If you are doing vinyl or plastisol transfers,get at least a 16x20. The cons of the larger press is the weight!
I have a smaller unit to take with me. It is only 10x12,and is about 25 lbs. A 16x20 averages about 100 lbs
and can push 200 lbs. Unless you are sure you won't go above 8x10,buy a 16x20. Like the old adage,pay a
little more now,or a whole lot more later! Also try to stay with quality presses. Stahls,Knight etc.


----------



## battman2036 (Jan 20, 2014)

jeepers94 said:


> It depends on what you want to press! If you are doing 8x10 size transfers,just about anything will do.
> If you are doing vinyl or plastisol transfers,get at least a 16x20. The cons of the larger press is the weight!
> I have a smaller unit to take with me. It is only 10x12,and is about 25 lbs. A 16x20 averages about 100 lbs
> and can push 200 lbs. Unless you are sure you won't go above 8x10,buy a 16x20. Like the old adage,pay a
> little more now,or a whole lot more later! Also try to stay with quality presses. Stahls,Knight etc.
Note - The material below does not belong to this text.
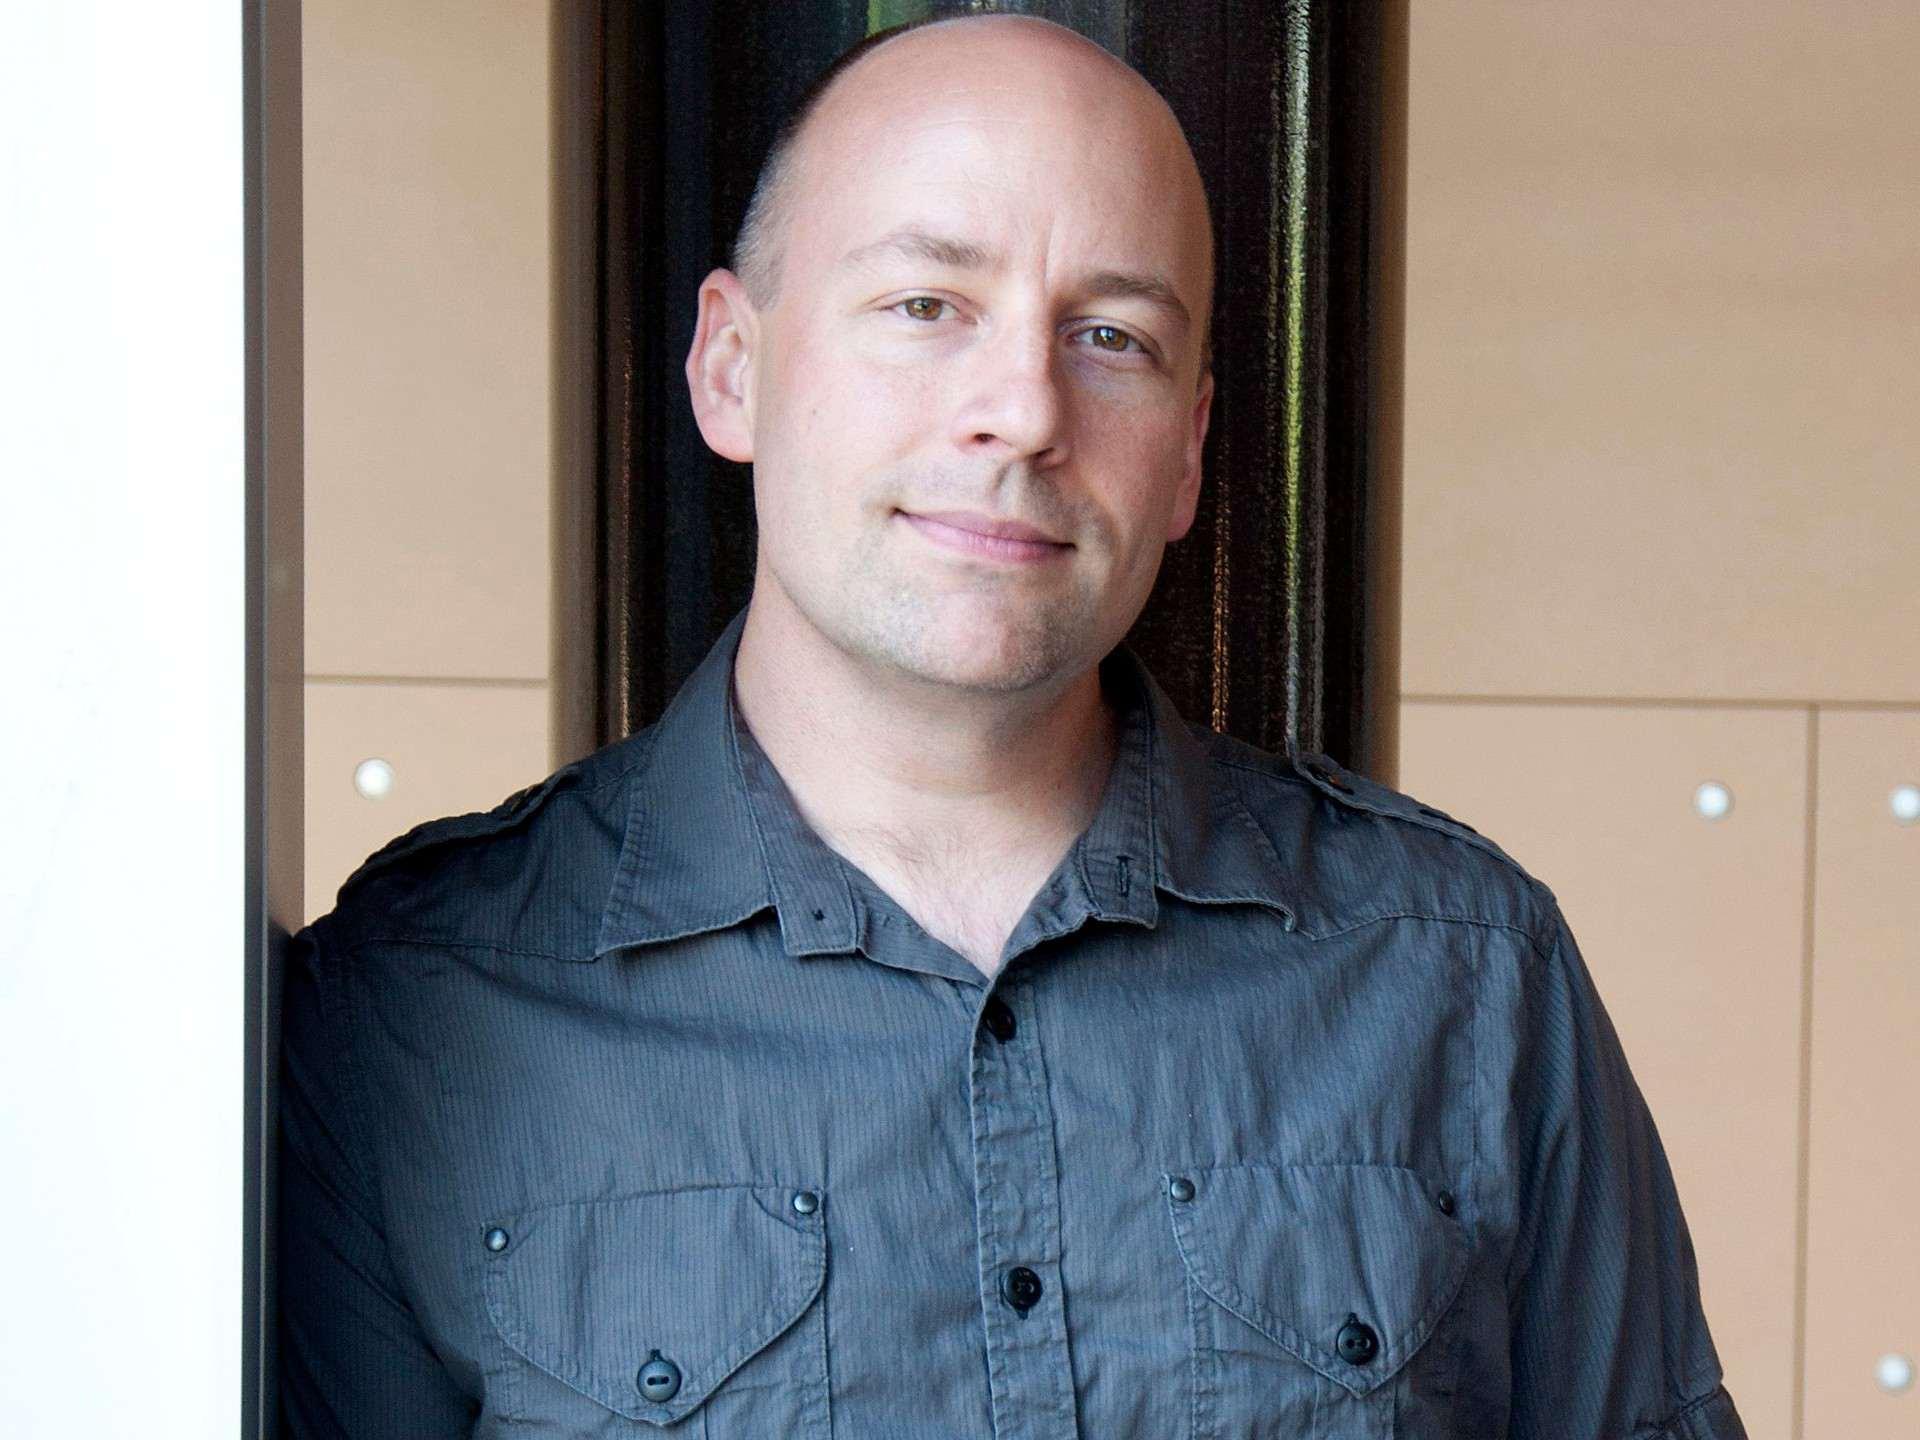 Mike Capps, Presidente de Epic Games, dejá su cargo [Actualidad]

Couldn't agree more with this statement. We started on a 15x15 cheap chinese press. Now I have a GeoKnight DK20 (16x20) I got in the classifieds here. While we made our money back for the first press, we should have bought the better press in the beginning. Now that we've worked with the bad, the good is so much nicer! Had we bought the better press to begin I would've gotten the larger printer for sublimation too. Just my $0.02.


----------



## jleampark (Sep 6, 2007)

I sound like @battman2036. I also started with a 15 x 15 SunIE press. While I was happy with it and made plenty of money using it, I wanted a bigger one. 

I upgraded to a Geo Knight DK20S. It is MUCH heavier but I can do a lot more with it.

You would be better with a bigger press.


----------



## BrianHahn (Dec 29, 2013)

Agree with the other posters. If you can afford it, go with the larger press.


----------



## duiceydoo2 (Apr 19, 2013)

yes i got a vesta press made a lot of money but it fail apart so if you can spend the money get it out the way


----------



## nwnative (May 16, 2010)

If you ever see yourself pressing larger items go for the larger press. Remember you nee an inch or two around your transfer or T shirt art to get a good image. Whether it be sublimation, DTG or transfers. We have a Stahl's Hotronix on a caddy and love it. It is the hover press. We also have a good quality 16" x 16" if we want to travel with a press. Whatever you get, get the best quality you can afford.


----------



## uncletee (Feb 25, 2007)

16x20 we have a geo knight for 12 years and going strong. life time warrenty on heat platen. good luck uncletee


----------



## icex (Oct 28, 2012)

We just bought a hotronix fusion press with the 16x20 platen. It works for all of our needs including toddler sizes.


----------



## valleyboy_1 (Jan 23, 2010)

I have a 16x20 vesta and a 16x16 stahls hotronix on the caddie with the attachable shelves. Vesta makes a good product for start ups, stahls make business solutions. I take my stahls on the road and make shirts out of a 5x5 EzUP canopy with my company info imprinted on them. Sweet!!


----------